The slight haze hanging over the Fright Zone in this image suggests pollution and stagnant air.
I imagine the Fright Zone would smell like heavy machinery, oil, exhaust, industrial pollution, and concrete. The air feels warm, dense and slightly humid in one’s nostrils.
Visually and thematically, the Velvet Glove is the complete opposite of the Fright Zone. Horde Prime’s ship, the Velvet Glove, is impossibly clean and sterile. The air would be constantly scrubbed and recirculated, seeing as it’s a spacefaring vessel. The air inside is cool, dry, and smells disconcertingly like nothing. Like the minds of his clone soldiers, like the worlds he reduced to ash, Horde Prime’s residence is blank and sterile, with no smells to contaminate its “purity”.
Our Flag Means Death
I haven’t watched the series yet, but I’ve read about it and enjoyed several YouTube clips. The early 1700s mariner world of OFMD would smell rank intense and earthy.

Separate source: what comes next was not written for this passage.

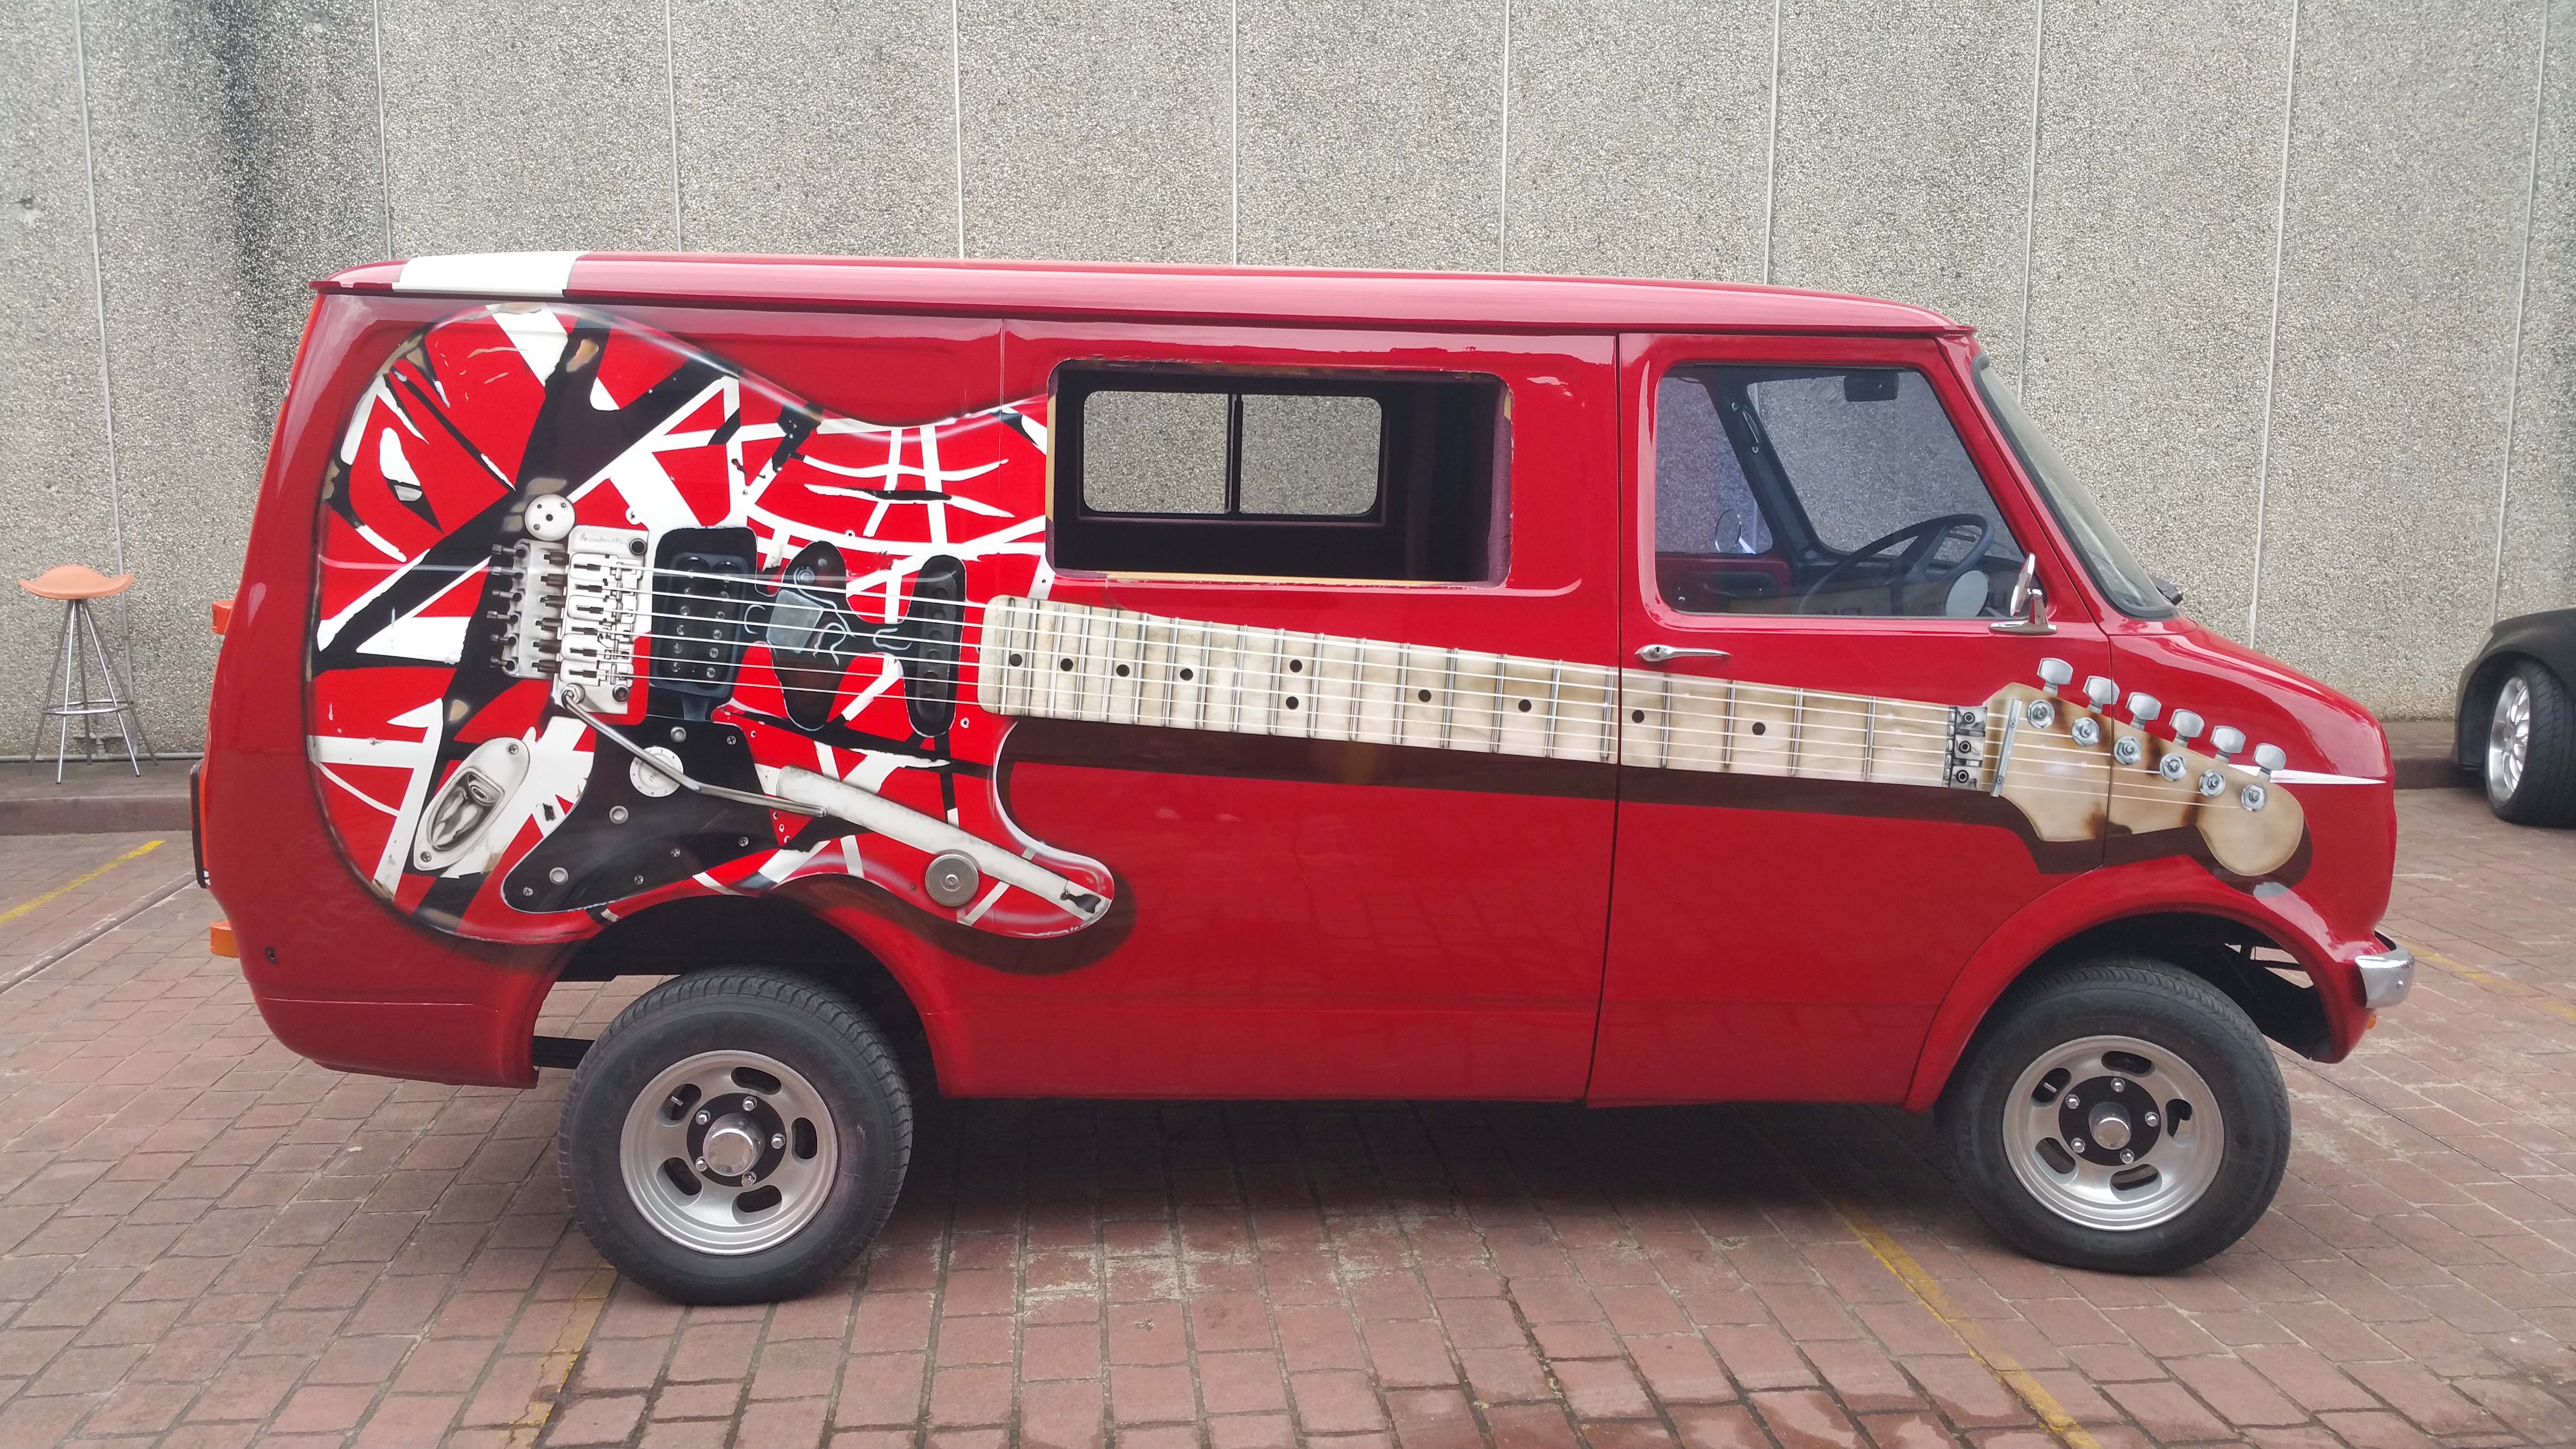 Van - Guitar Bedford

The Revenge is populated by stinky bois pirates who have few opportunities to bathe or change their outfits (with the exception of Stede), and are sweating due to warm daytime temperatures and physical labor. I imagine the Revenge would smell like ocean funk, fine wood, hemp rope, oranges, unwashed clothes, and unwashed bodies.

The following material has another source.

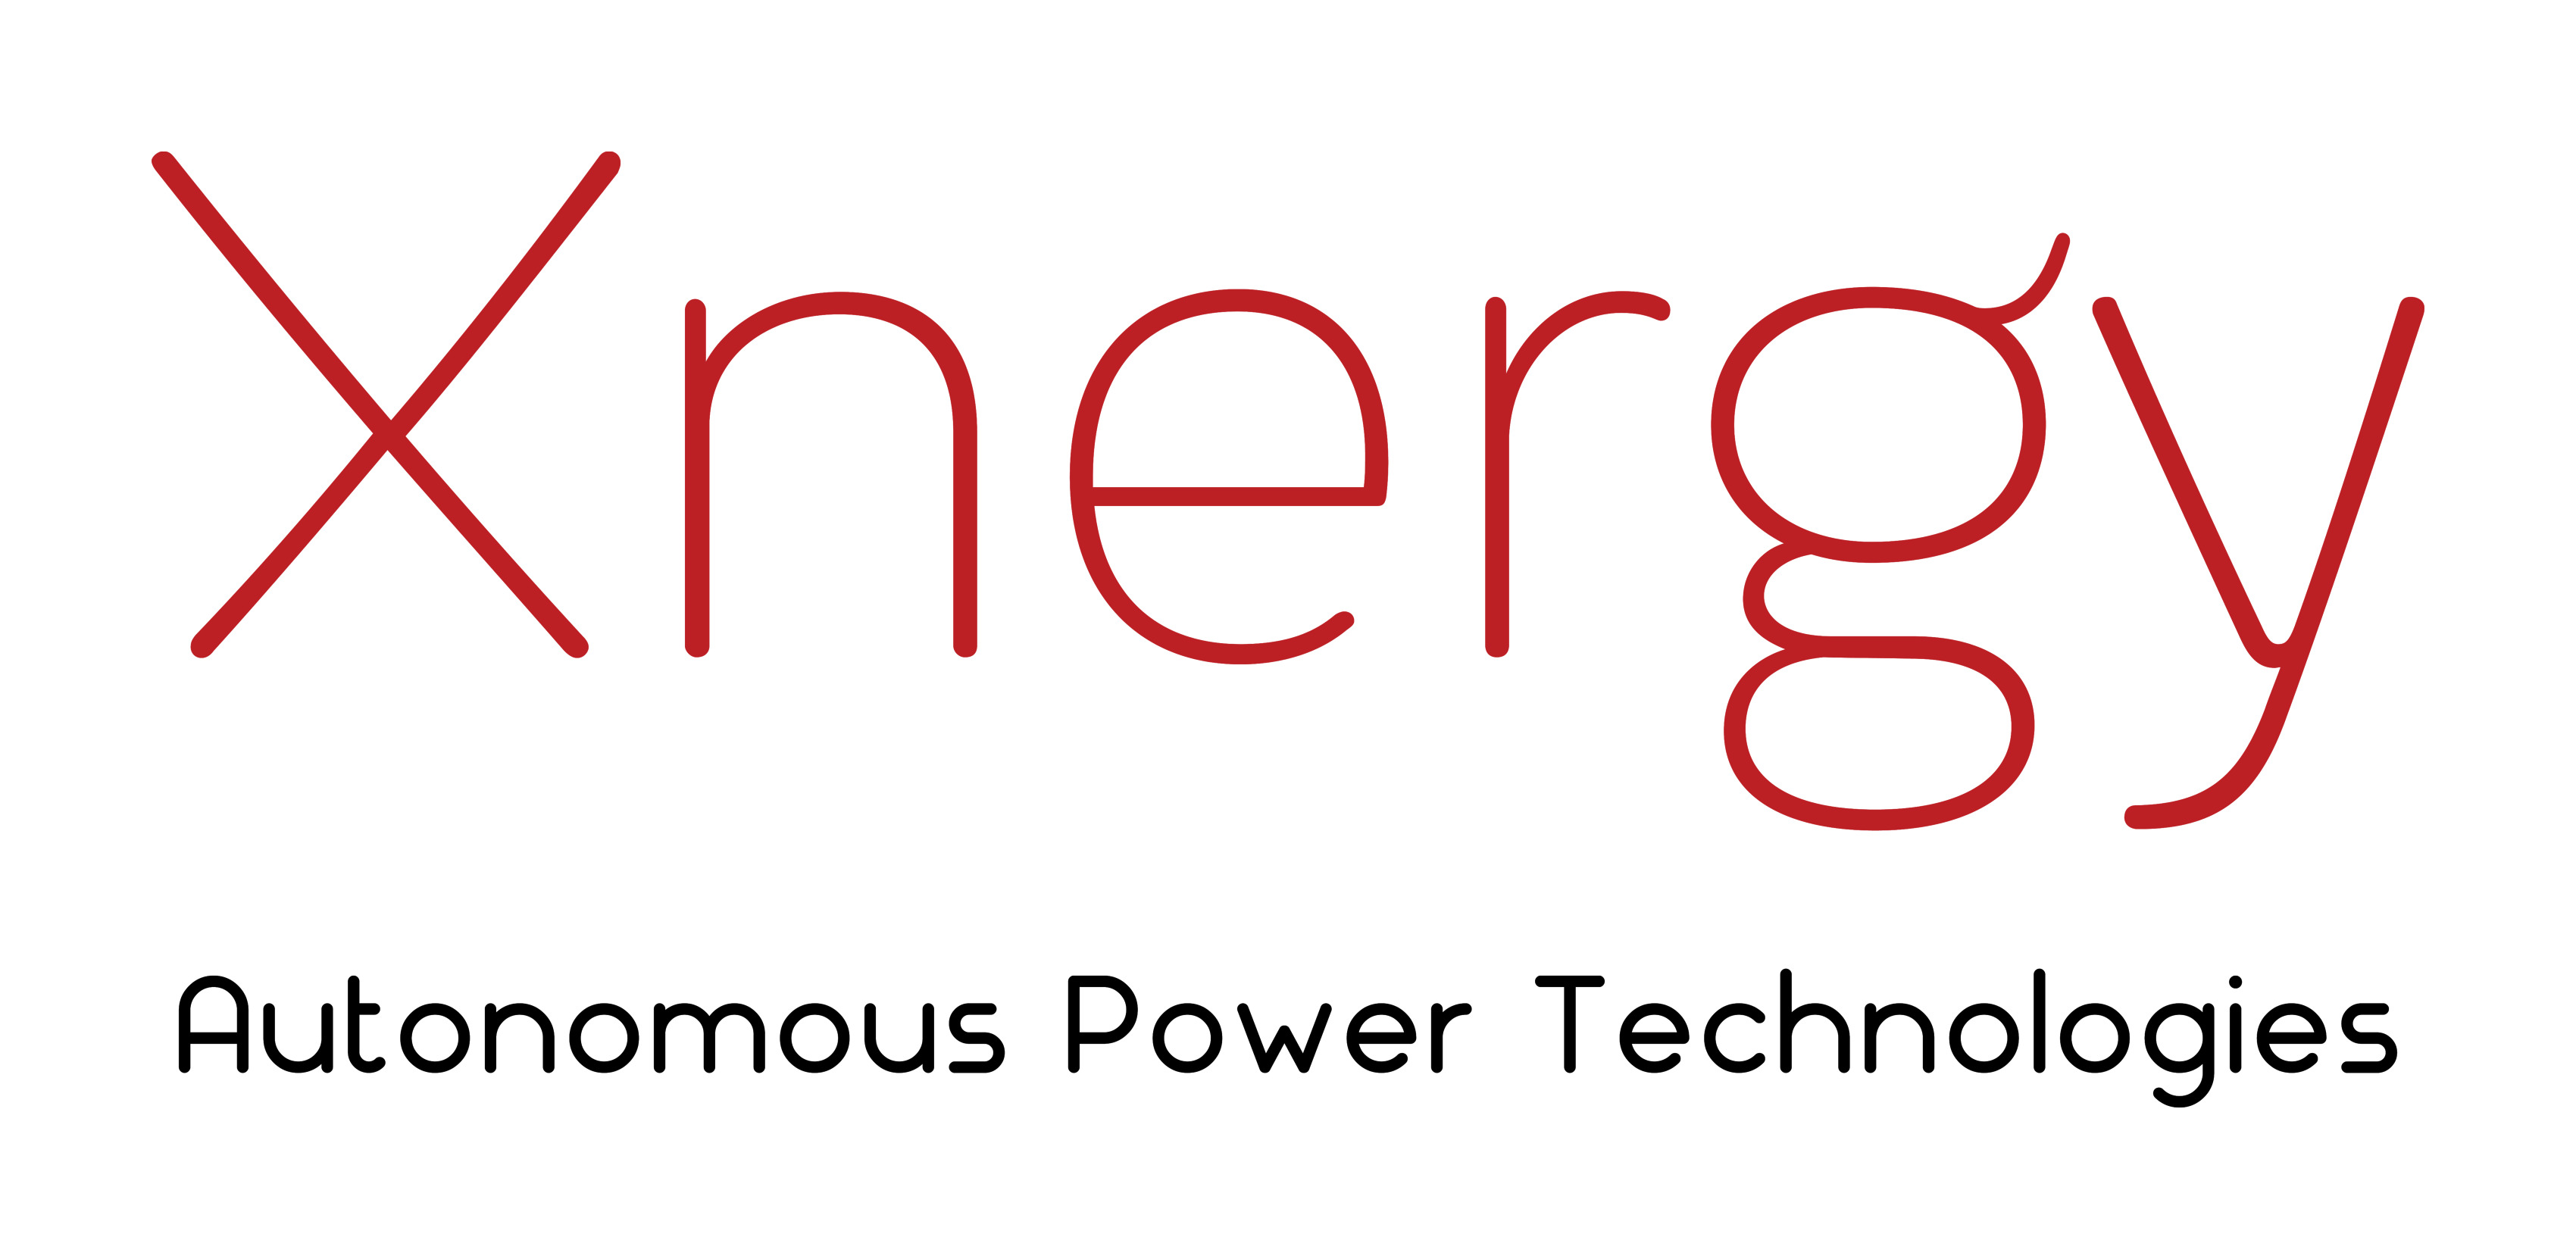 Xnergy Autonomous Power Technologies

Carl the seagull smells like a bird. Find a nearby bird and sniff it. That’s what Carl smells like.
Even upper crust spaces are dominated by strong aromas. The aristocrat dinner would smell like makeup, hair oil, heavy perfume, sweat (this is the era before deodorant, after all), heavy fabrics, and seafood, specifically prawns. For me, the dinner party would be an olfactory nightmare.
Area 88
Area 88 takes place at a desert air force base in the fictional North African kingdom of Asran. The open air spaces of the titular base would smell like heavy machinery, jet fuel, and jet exhaust. The heat of the North African desert would magnify these odors.
Smells become even more intense inside Area 88's buildings. The interior spaces of the base would stink of CIGARETTE SMOKE. Since the story takes place in the late 70s & early 80s, multiple characters smoke indoors and outdoors. When I watched the first OVA, I was startled by how smoke-filled the briefing room was.

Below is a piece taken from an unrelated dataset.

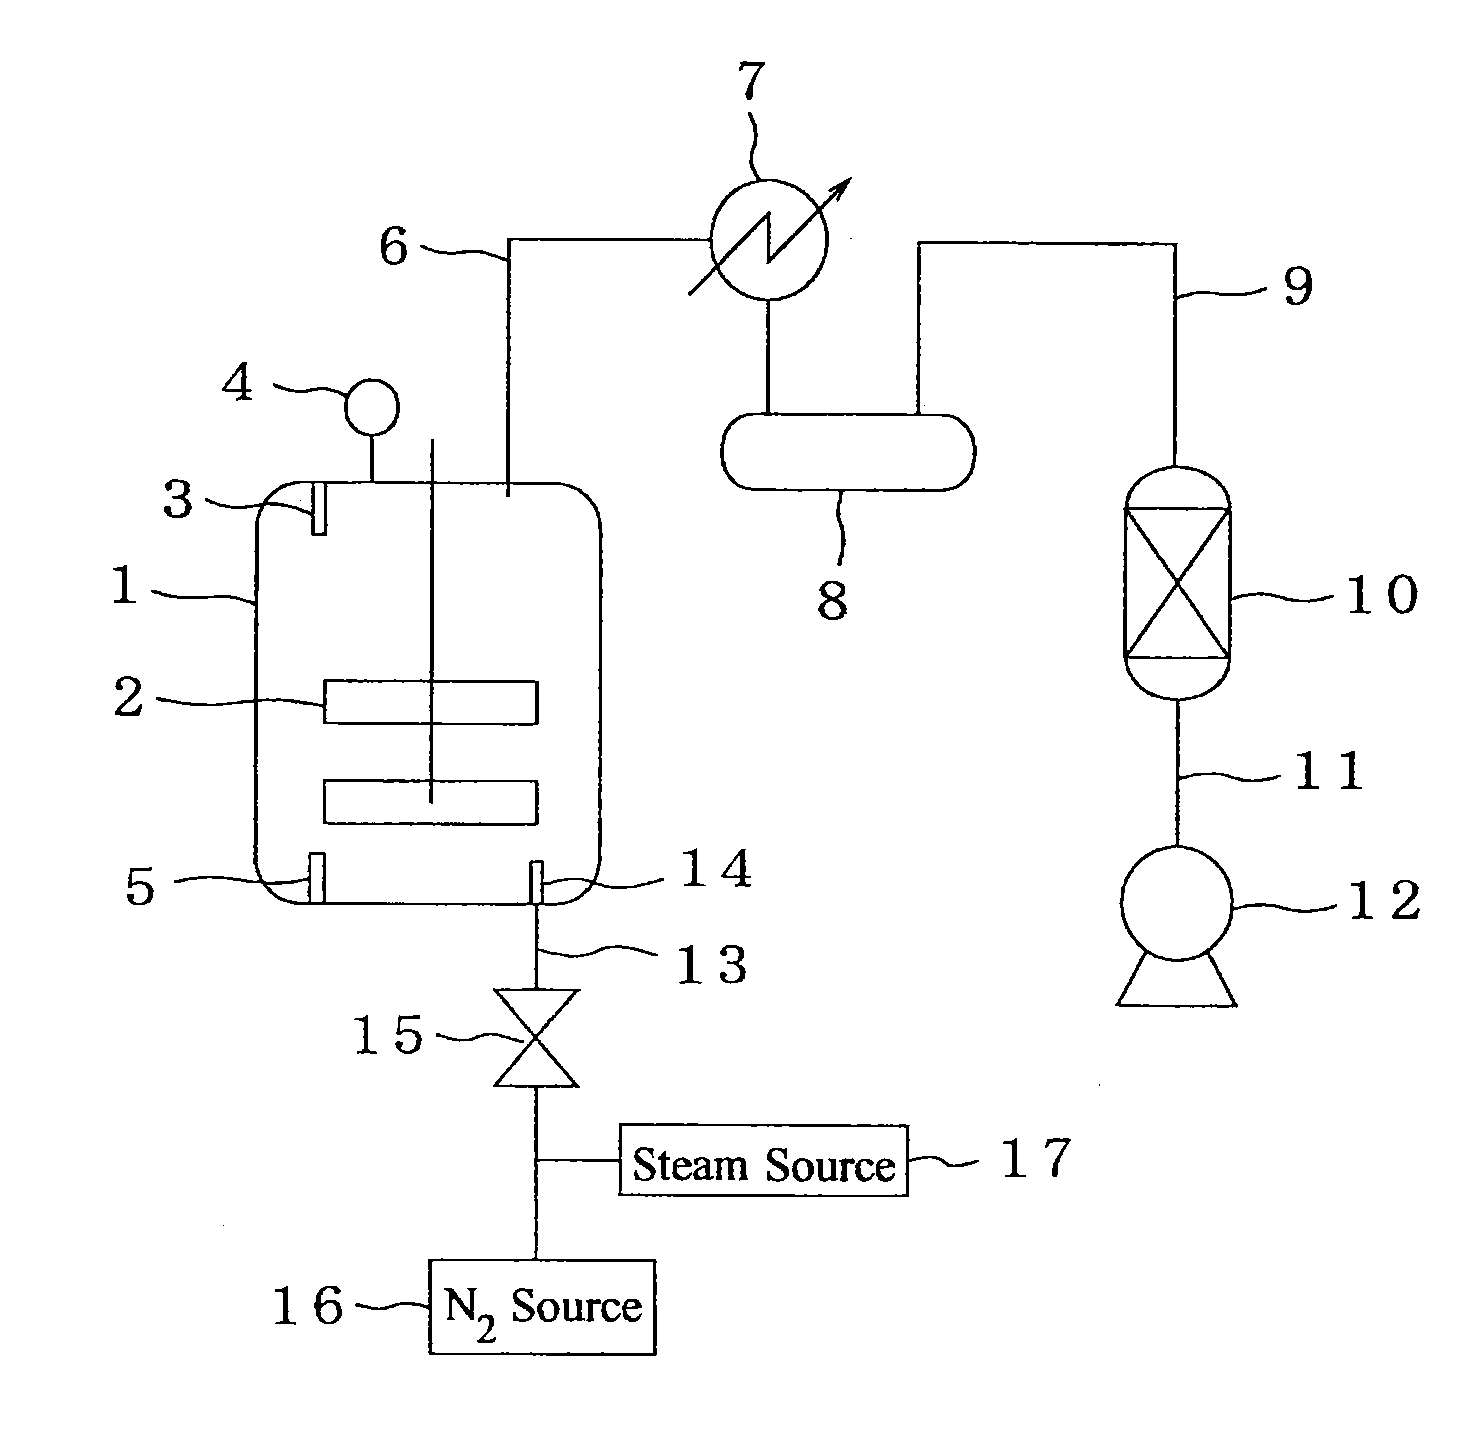 Production process of polymerized toner

Then, we have the pilots and base staff themselves: men who wear heavy clothing in a hot climate, live in a cloud of cigarette smoke while indoors, and work with machinery and weapons. Some come from countries where deodorant use was uncommon in the late 70s. Some of the fighter pilot mystique fades when we realize that the pilots can’t smell very good under those circumstances. Even if we charitably assume that all the pilots shower on a daily basis, they would still smell like sweat, cigarette smoke, machinery, and chemicals.
Oh, and hair gel. That pompadour ain’t standing up by itself.
In conclusion, these three fictional worlds probably smell weird.
We can enhance our appreciation of fictional worlds by imagining their unspoken details, including olfactory details. When writing fiction, we can add new sensory dimensions to our setting by describing its smells. When exploring or creating new worlds, don’t forget the scents in the air!